A linear function is a type of mathematical equation that represents a straight line when graphed on a coordinate plane. It can be expressed in the standard form as \( f(x) = mx + b \), where:

• \( m \) is the slope of the line.
• \( b \) is the y-intercept, where the line crosses the y-axis.

In this exercise, the function \( g(x) = 5 + \frac{1}{2} x \) is a linear function. The slope \( m = \frac{1}{2} \) indicates the rate of change of \( g(x) \) with respect to \( x \), and \( b = 5 \) is where the line intersects the y-axis.
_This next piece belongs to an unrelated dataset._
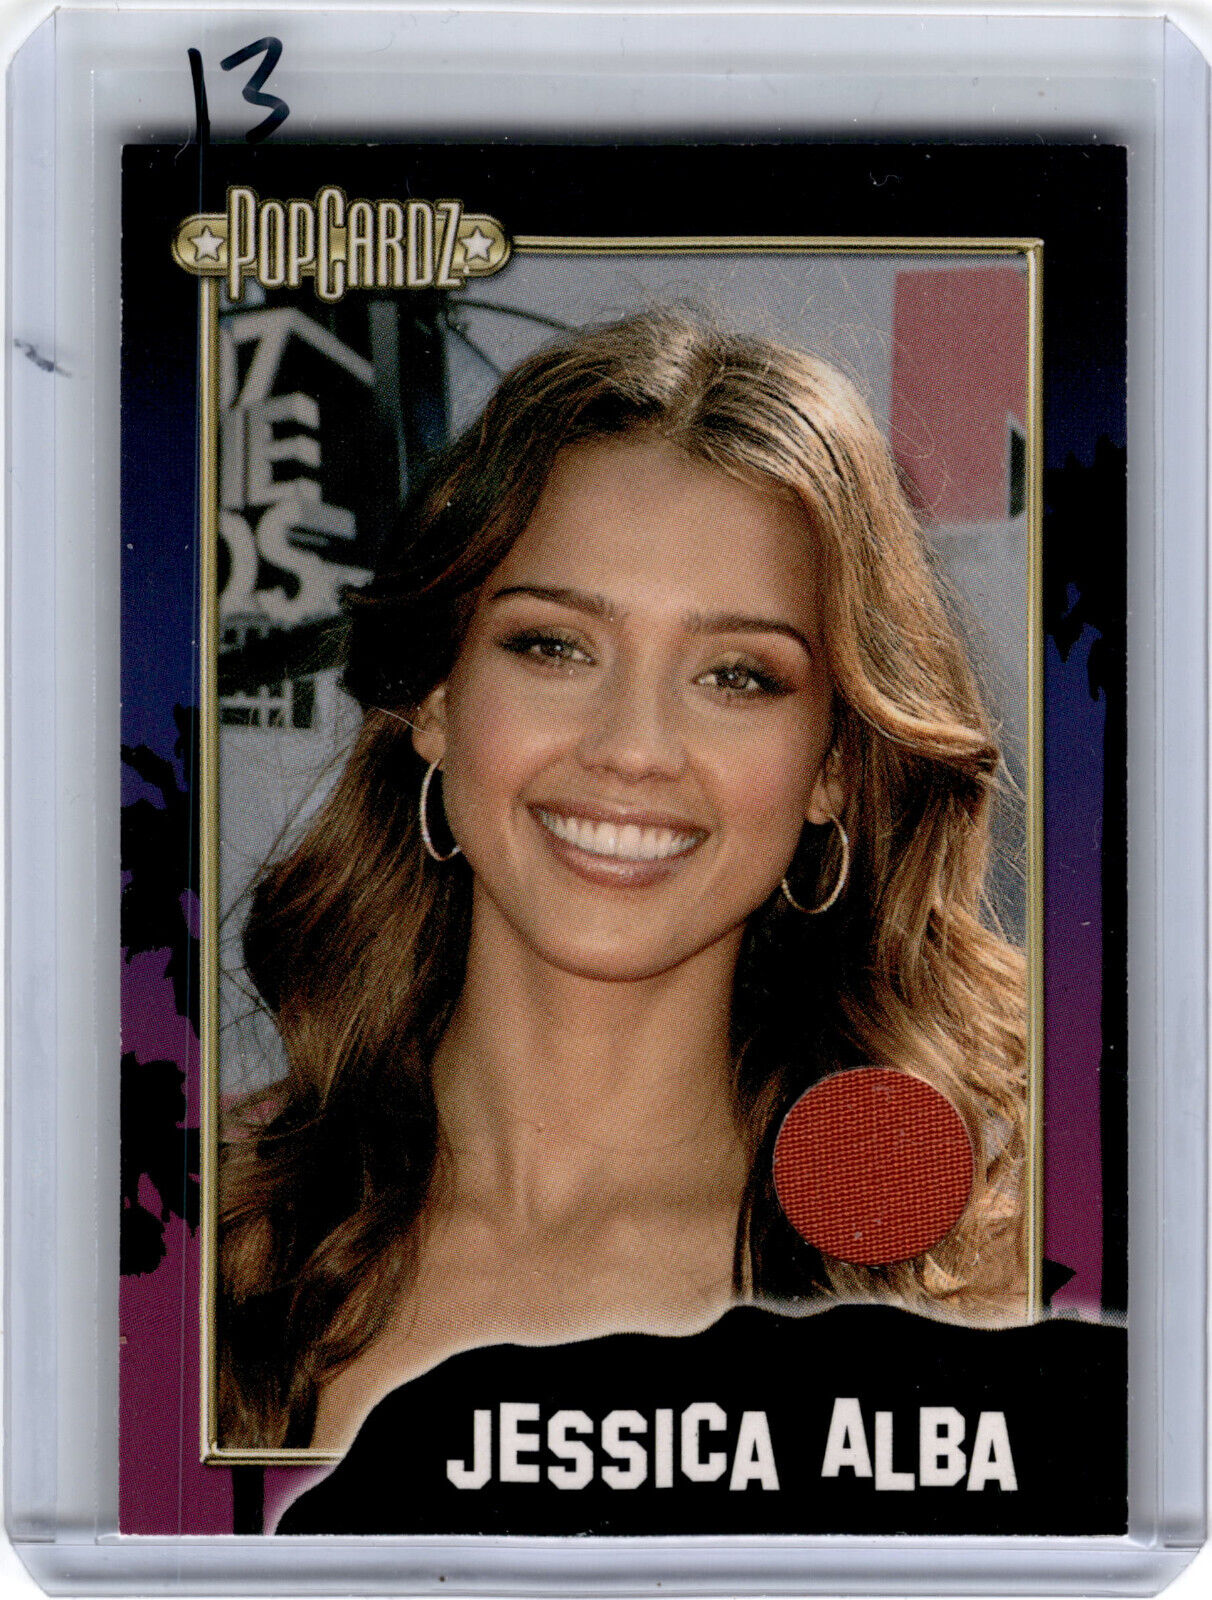 2008 Popcardz Relic Card Jessica Alba

Understanding linear functions helps us easily calculate the average rate of change between any two points along the line.

Slope is a measure of the steepness and direction of a straight line. It is calculated as the ratio of the change in the y-values (vertical change) to the change in the x-values (horizontal change). The formula for the slope \( m \) between two points \( (x_1, y_1) \) and \( (x_2, y_2) \) can be written as:\[m = \frac{y_2 - y_1}{x_2 - x_1}\]In this exercise, the slope \( \frac{1}{2} \) describes how much \( g(x) \) increases for each additional unit increase in \( x \). A positive slope indicates that as \( x \) increases, \( g(x) \) also increases. The concept of slope is essential in determining the average rate of change as it essentially represents the same calculation between two distinct points on a linear function.

Function evaluation involves plugging specific values into a function to calculate the corresponding output. This step is crucial in our exercise, allowing us to find the function values at particular points:

• First, compute \( g(1) \) by replacing \( x \) with 1 in \( g(x) = 5 + \frac{1}{2}x \):\[ g(1) = 5 + \frac{1}{2}(1) = 5.5 \]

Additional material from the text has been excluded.